MLIR regions provide a natural representation of structured control-flow found in many applications, with implicit SSA value captures and automatic memory scopes, but they have been limited to single-entry, single-exit regions. In this talk, we present a new MLIR region-based control-flow representation for single-entry, multiple-exit regions and how this provides a faithful IR model of control-flow in source languages. We also integrated LLVM coroutine intrinsics in our compiler, and we will discuss how they interact with our control-flow representation and how the latter enables trivial implementations of coroutine frame optimizations.

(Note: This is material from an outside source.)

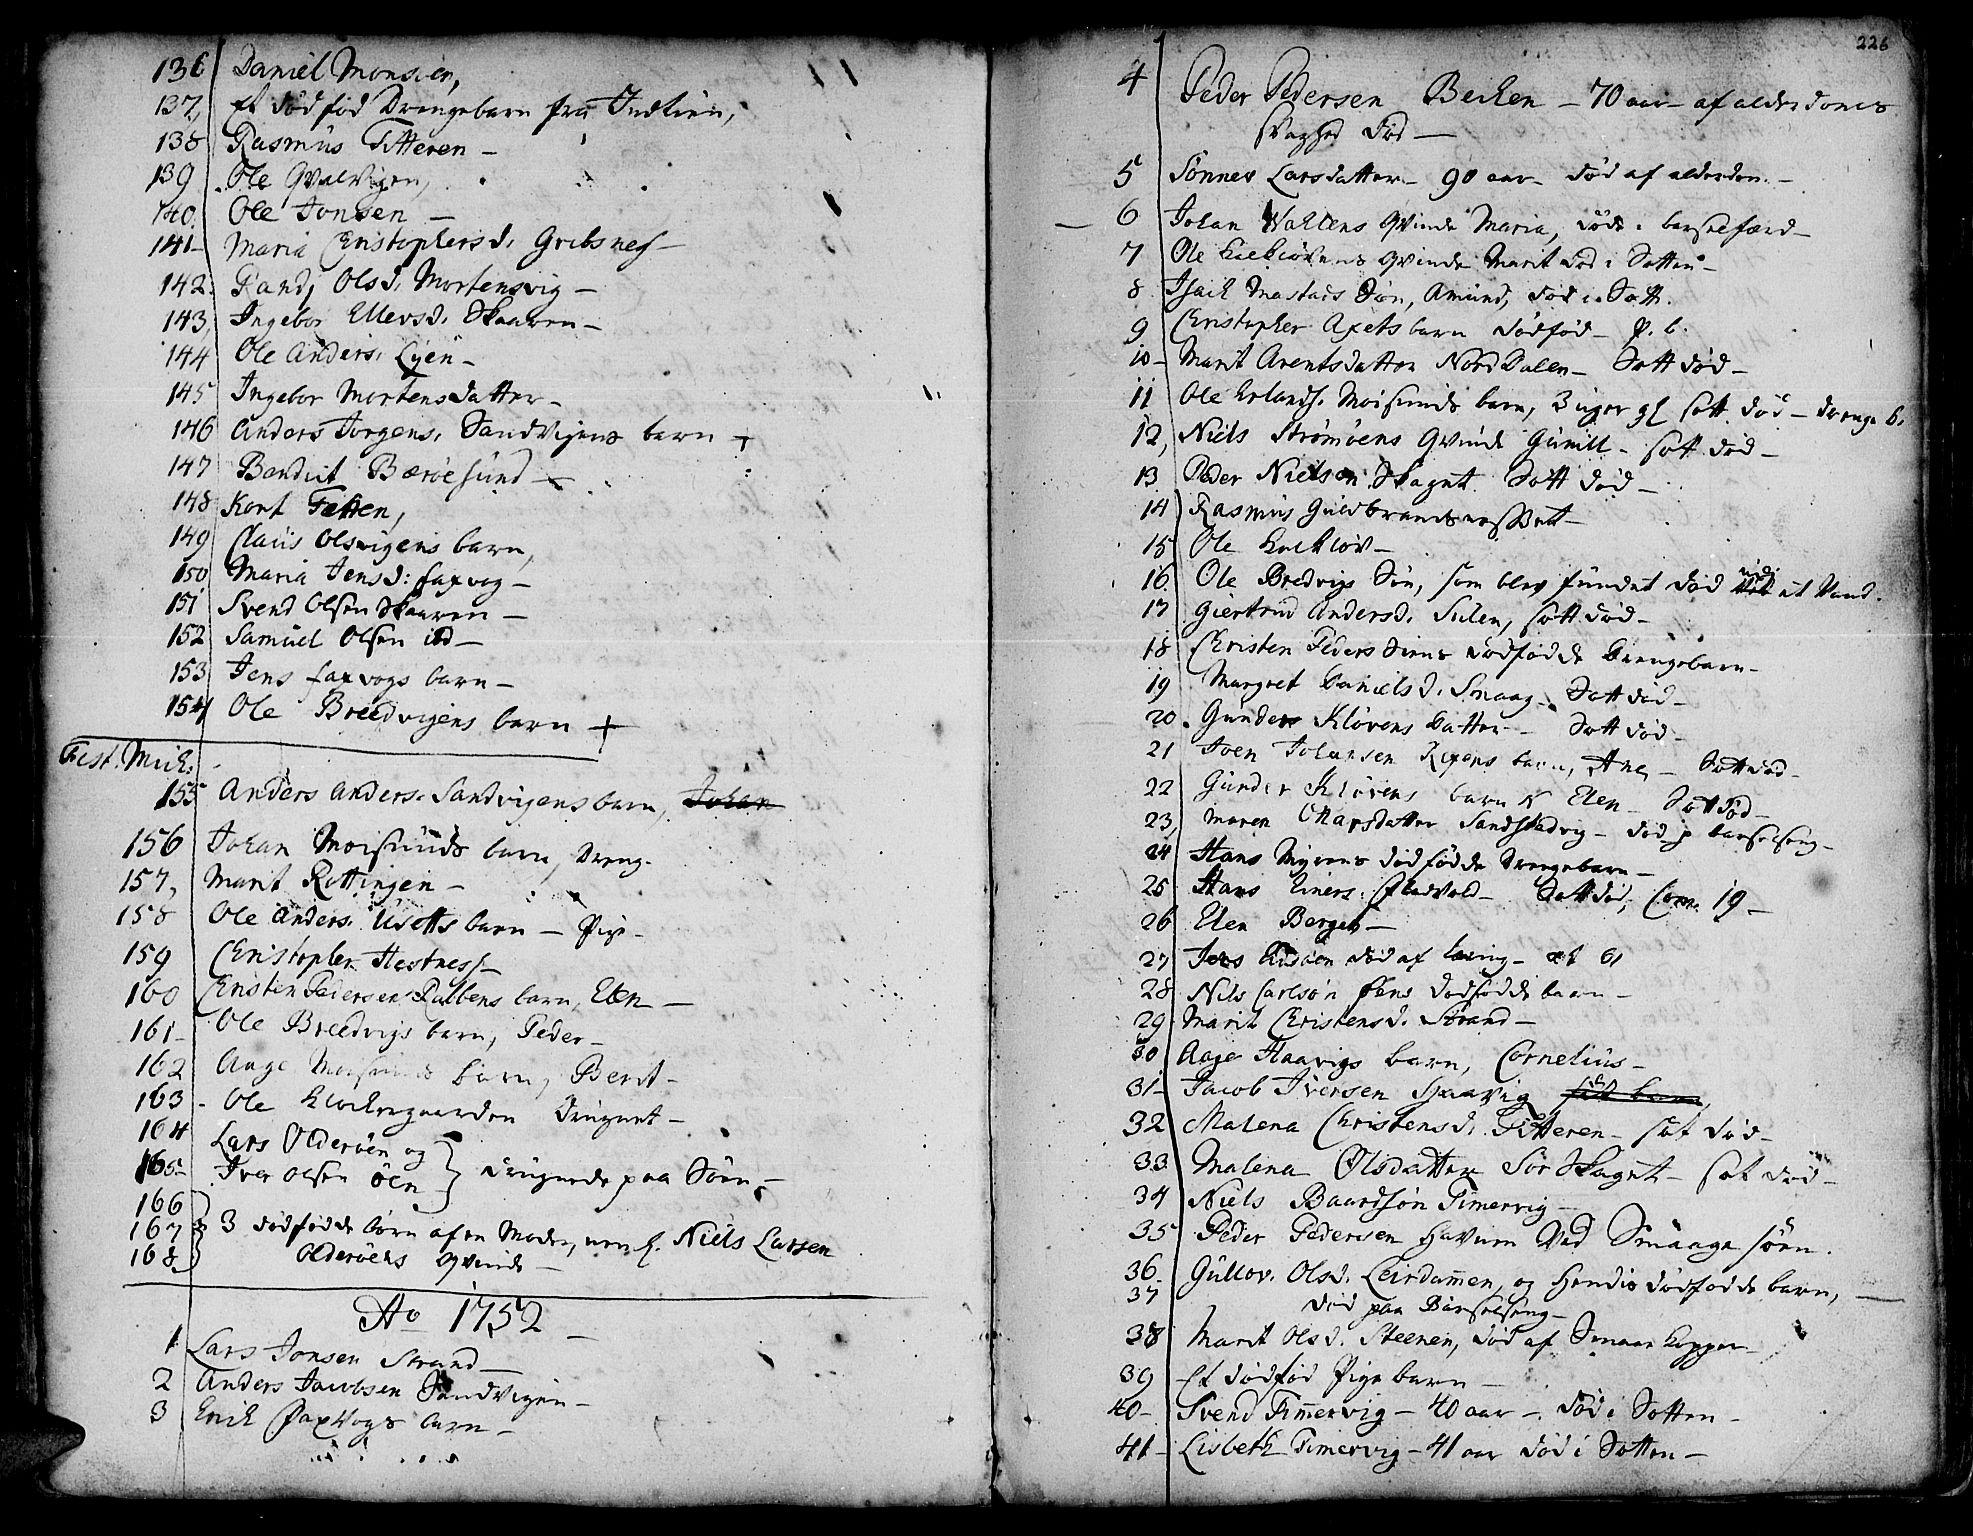 SAT, Ministerialprotokoller, klokkerbøker og fødselsregistre - Sør-Trøndelag, 634/L0525: Ministerialbok nr. 634A01, 1736-1775, s. 226

ML-on-CPU: should vectorization happen in the LLVM backend or higher up the stack? -Elen Kalda

This talk is about how TVM, one of the most mature machine learning compilation stacks in ML space, interacts with LLVM. TVM is a domain specific compiler that consumes a machine learning model expressed in high level ML framework like TensorFlow or PyTorch and compiles it for a chosen target, such as Arm(R) architecture. For CPU targets, it does this by using LLVM as a backend, directly translating TVM's IR into LLVM IR.

 In TVM, just like in other Machine Learning stacks using LLVM as a backend for CPU code generation, one needs to make a decision about where optimizations like vectorization should happen: in the LLVM backend, or in the ML stack higher up. This is further complicated by the emergence of scalable vectors, like the Scalable Vector Extension (SVE). While generating code for fixed length vectors can mostly be left to LLVM, there is a case to be made for the presence of variable length vectors in TVM stack, to be able to more effectively use the capabilities of SVE. In this talk, we're going to present our experiences and insights on the trade-offs targeting SVE in the TVM+LLVM stack.
 

Tensor Evolution - An ML Graph Optimization Technique -Javed Absar

We present ‘Tensor Evolution (TEV)’, a new analysis for tensors such as those found in loops of ML Graphs. It is an extension of the well-known Scalar Evolution (SCEV) for tensors and tensor expressions. In an ML Graph, tensors can be added, multiplied, sliced, reshaped, and concatenated. We describe how each of these tensor-ops could be handled to generate TEV-expressions and rewrite rules. TEV is an analysis that enables optimizations such as loop-invariant code motion.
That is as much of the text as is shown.